Now, let's calculate the sums of these values:

Sum of x = -3,999.6
Sum of y = 72.5
Sum of x squared deviation = 3,202,392.6
Sum of xy product = -1285.7

Now, we can calculate the slope of the line (b) using the formula:

b = Sum of xy product / Sum of x squared deviation
b = -1285.7 / 3,202,392.6
b ≈ -0.00040144

Next, we can calculate the y-intercept (a) using the formula:

a = mean of y - (b * mean of x)
a = 14.5 - (-0.00040144 * 799.4)
a ≈ 14.8117

Therefore, the linear regression equation of the line of best fit for the data is:

y ≈ 14.8117 - 0.00040144x

a. To plot the data points, take the years on the x-axis and the corresponding percentages of the labor force on the y-axis. Here is the table with the data points:

| Year | % of Labor Force |
|------|-----------------|
| 1990 | 12.6% |
| 1995 | 13.4% |
| 2000 | 14.4% |
| 2005 | 15.5% |
| 2007 | 16.6% |

Plot these points on a graph.

b. To find the linear regression equation of the line of best fit for the data, you can use statistical software or tools like Microsoft Excel.
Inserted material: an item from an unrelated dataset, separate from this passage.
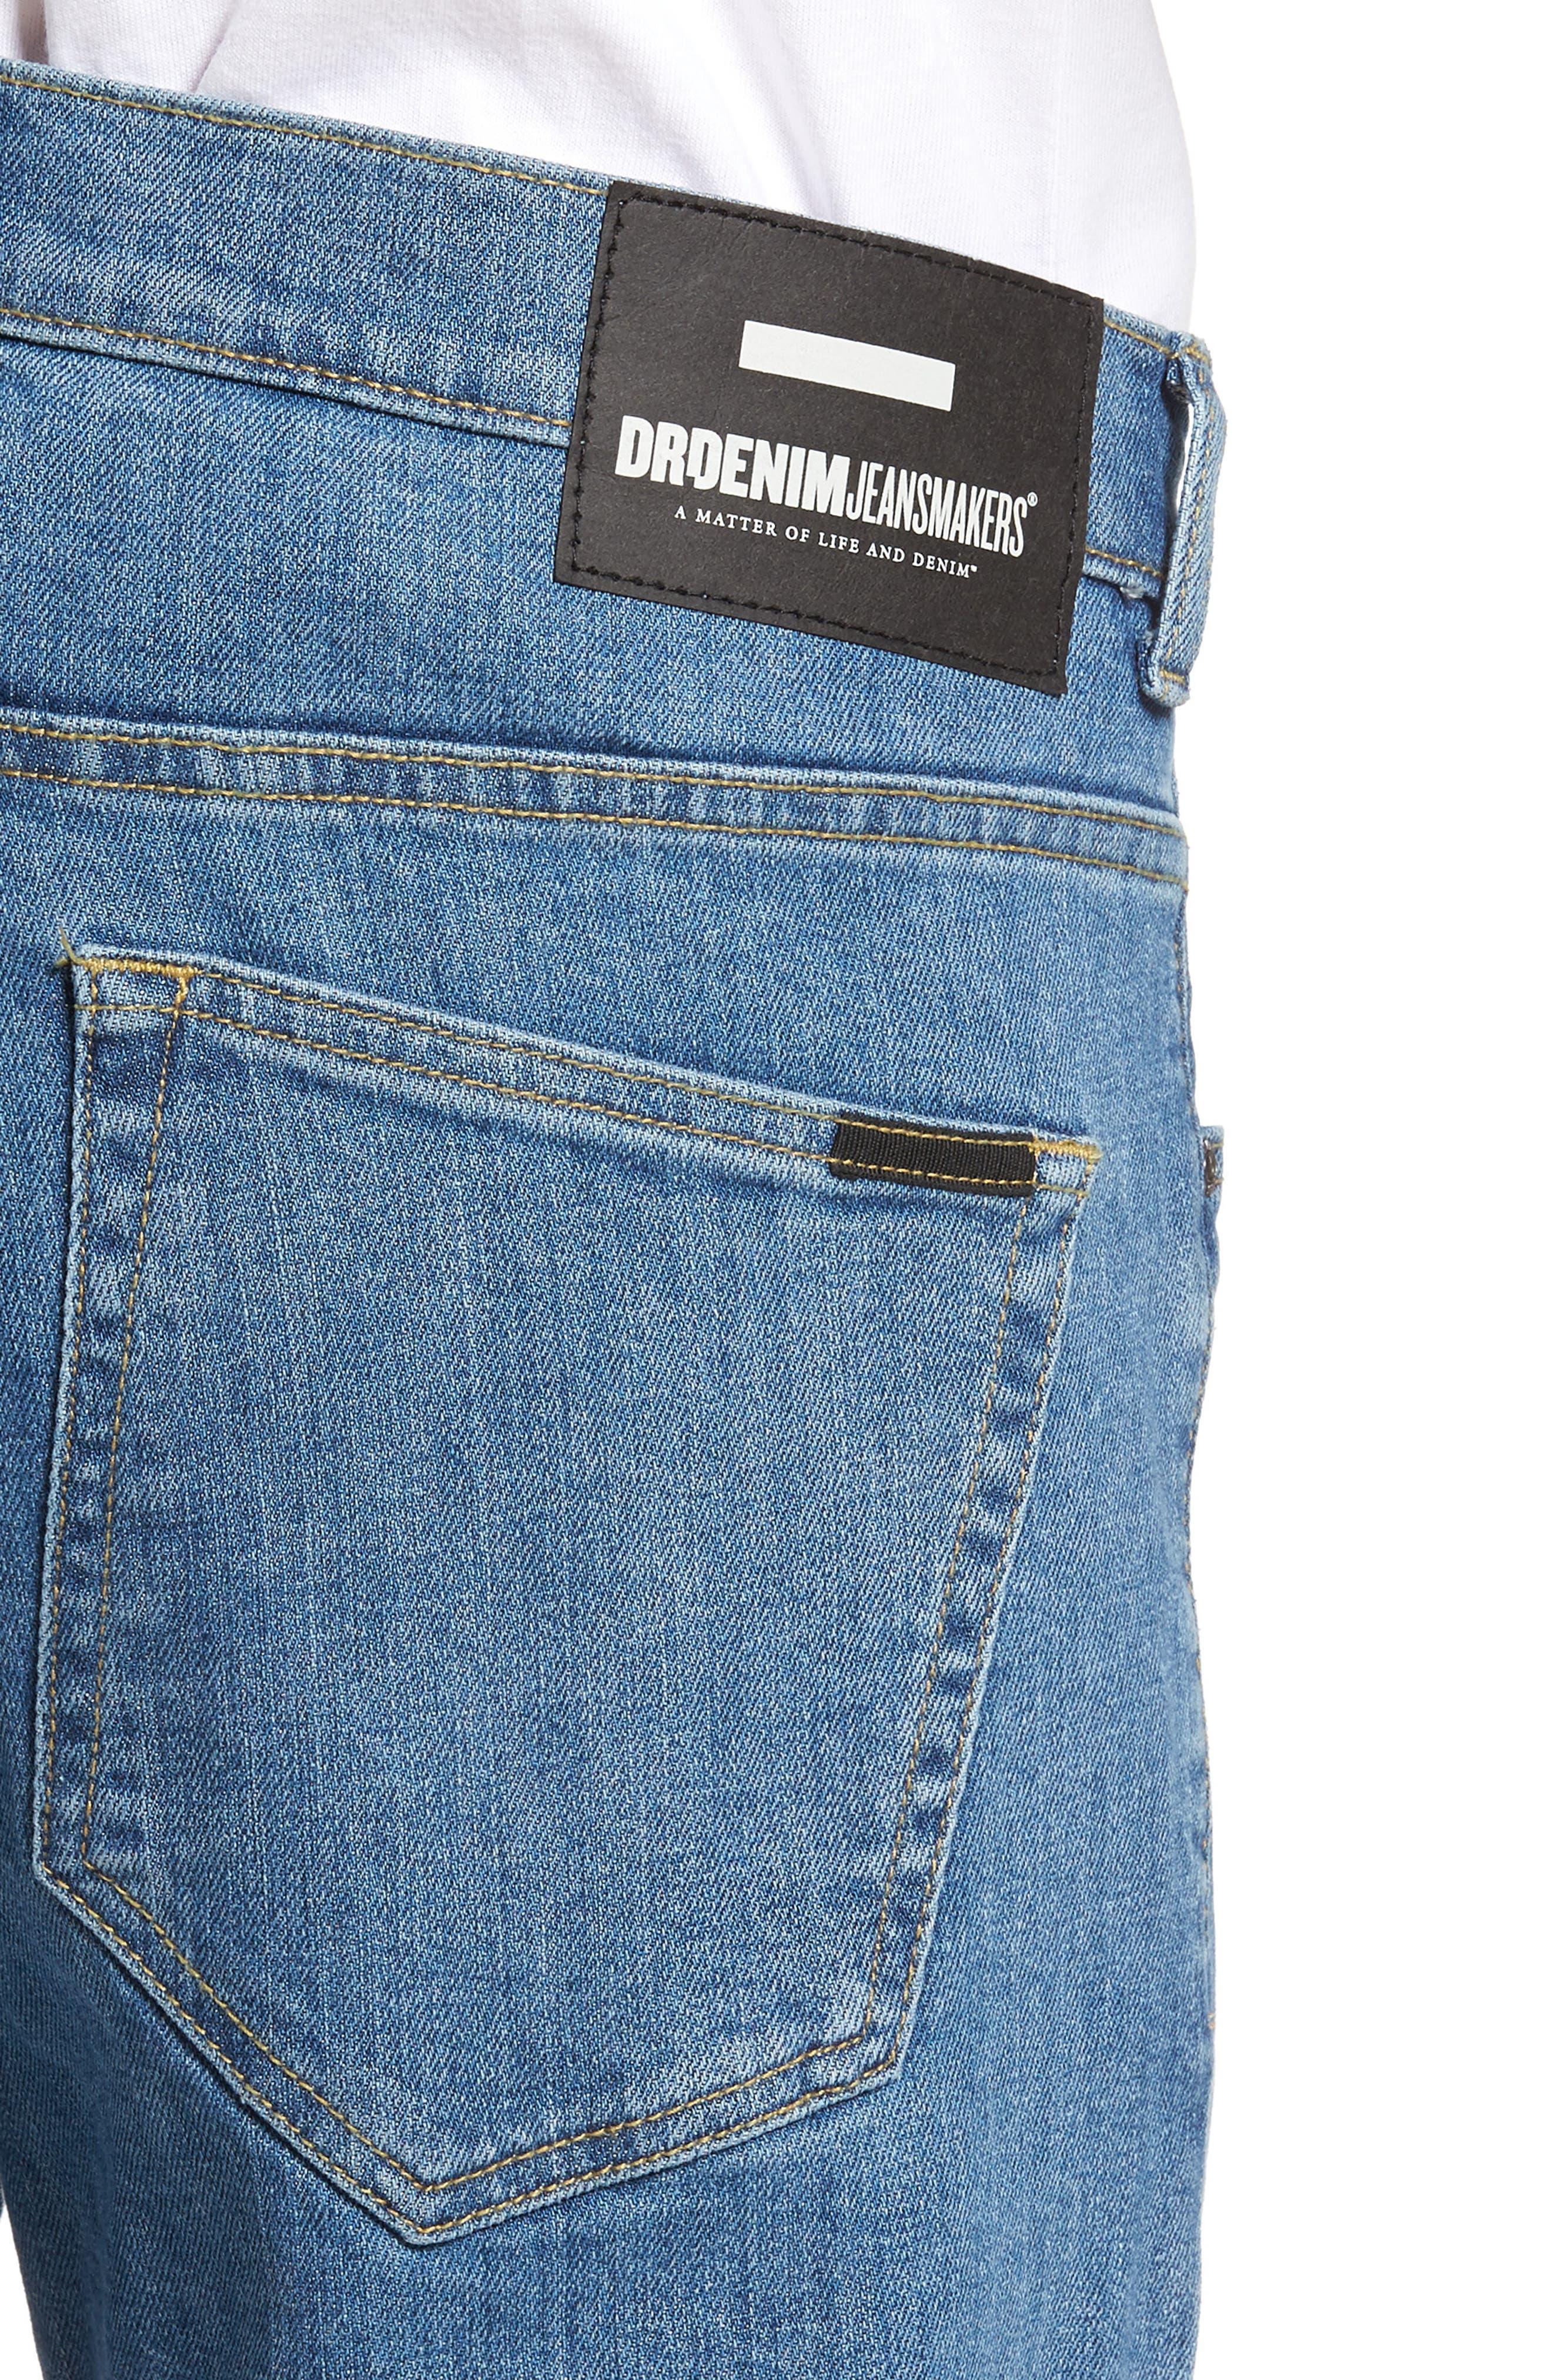 Clark Slim Straight Fit Jeans,                             Alternate thumbnail 4, color,

Alternatively, you can calculate it manually using linear regression formulas. The linear regression equation takes the form:

y = mx + b

Where:
- y is the dependent variable (the percentage of the labor force)
- x is the independent variable (the number of years since 1990)
- m is the slope of the line (representing the rate of change)
- b is the y-intercept (the value of y when x is 0)
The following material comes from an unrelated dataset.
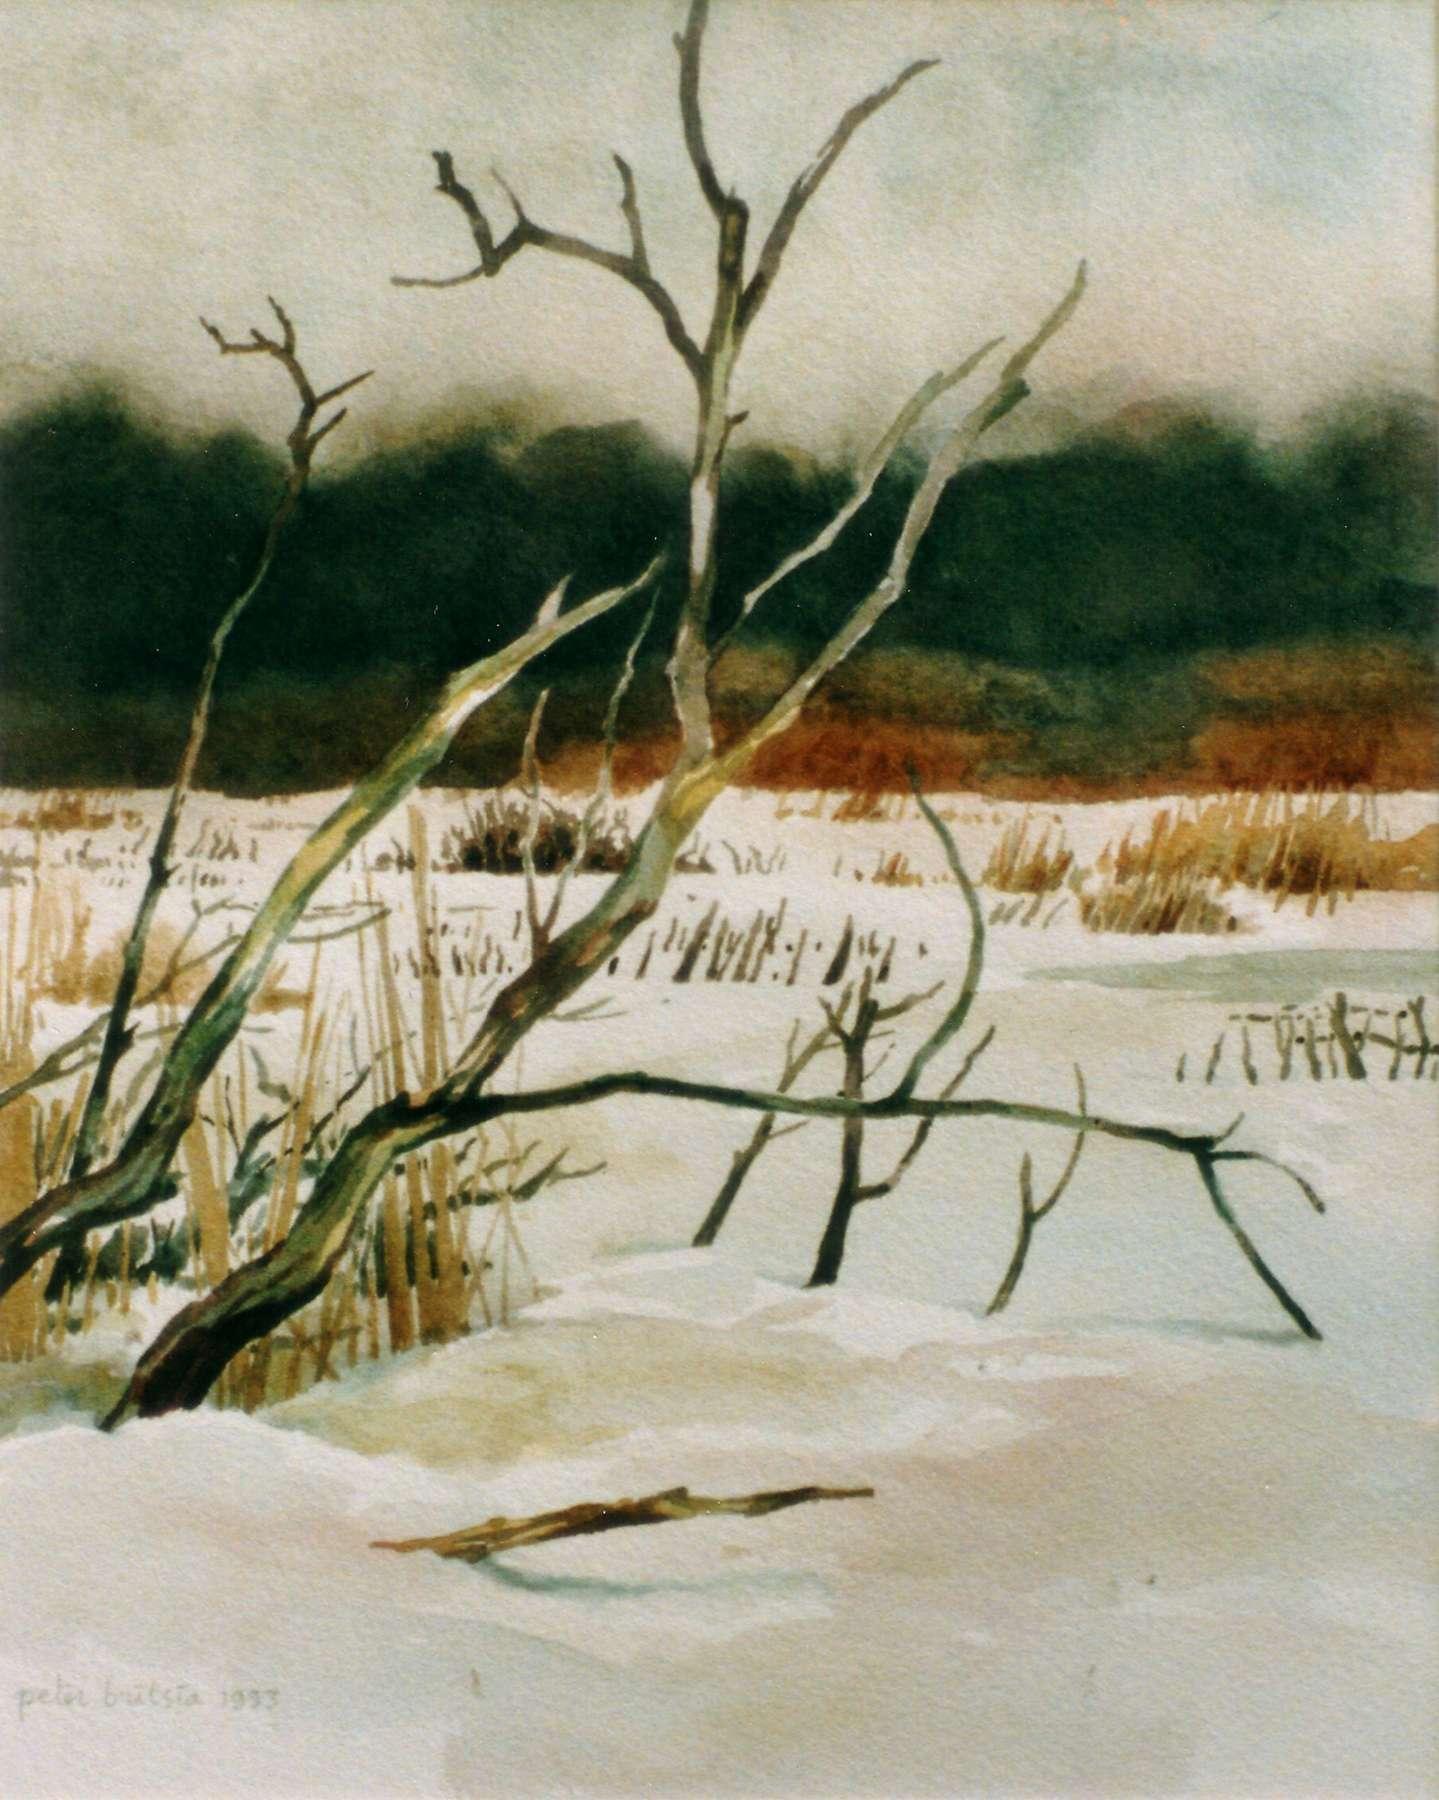 Quackjeswater 2- aquarel - 30 x 40 cm.

By performing linear regression, you'll find the values for m and b, which will give you the equation of the line of best fit.

c. The slope of the line indicates the rate of change in the percentage of the labor force. In this situation, if the slope is positive, it means that the percentage of adults in the labor force ages 65 or older who are still working has been increasing over time. A higher positive slope indicates a steeper increase, while a lower slope indicates a slower increase.

d. To predict the percentage of the labor force that is 65 years old or older in the year 2025, you can use the linear regression equation obtained in part b. Substitute x = 2025 - 1990 = 35 (since 2025 is 35 years after 1990) into the equation to find the predicted y value. Make sure to perform the calculation in the proper decimal format. This prediction assumes that the trend observed in the data from 1990 to 2007 continues linearly.